Measuring Asymmetric latency via NTP, part 2

See the first part for the math

Let's use a third party (stratum 2) observer to compare the stratum 1 NTP clocks.

Round trip times

First, a graph of the $rtt times from the third party to various stratum 1 NTP clocks. This is best to be both flat and as low as possible. But flat is more important. You can see that the NTP clock behind the cable modem "sandfish" is not very flat, and has a 4.2ms standard deviation.

NTP Offsets

Next, NTP's recorded clock offsets. The "smq", "lon", and "your" clocks all move in same direction at the same time, and are mostly mirrors of each other. By comparison, the "sandfish" clock moves as mostly noise.

DOCSIS upstream

If we compare the "sandfish" clock's $response_latency to the other clock's offsets, it doesn't match very well.
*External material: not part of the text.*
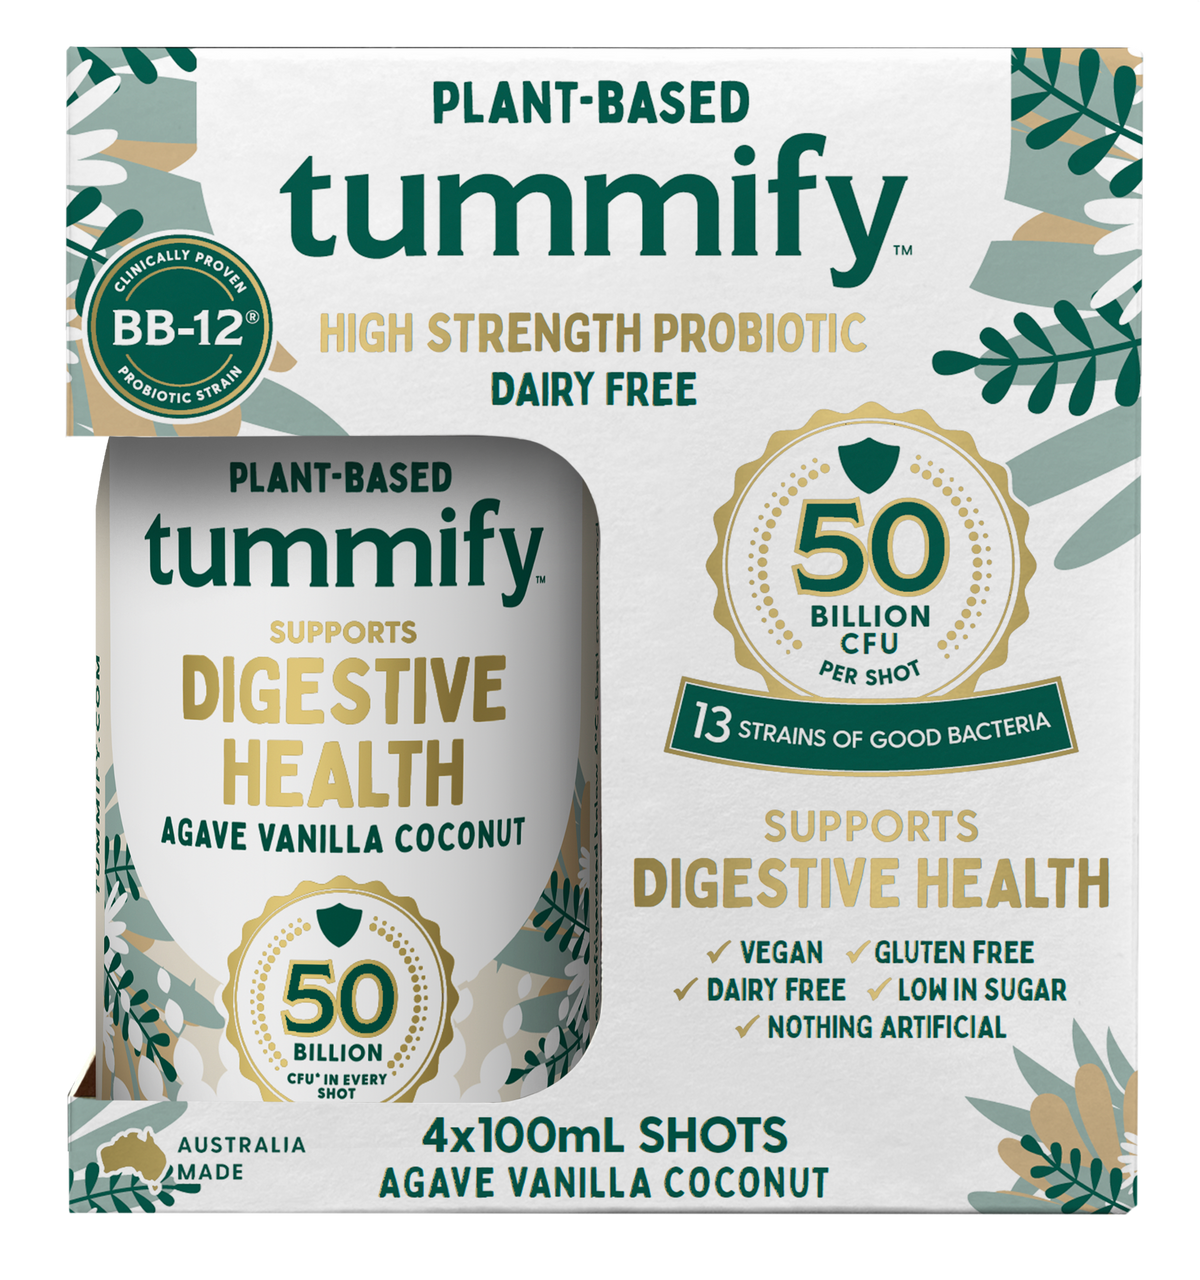 Tummify Plant-Based

This is the modem-to-internet direction. The other clocks are shifted by a static 17.235ms and 18.235ms.

DOCSIS downstream

If we compare the "sandfish" clock's $request_latency to the other clock's offsets, it fits very well. It has more noise (jitter) than the other clocks, but the overall pattern is easy to see. The other clocks are shifted a static 6.175ms and 5.175ms. This is the internet-to-modem direction.

Summary

The round trip time averages 23.4ms. If this third party observer has the proper offset (and it might not), it takes 5.2ms for the request to arrive and 18.2ms for the response to return. The path the request takes is over Hurricane Electric and the response goes over TeliaSonera.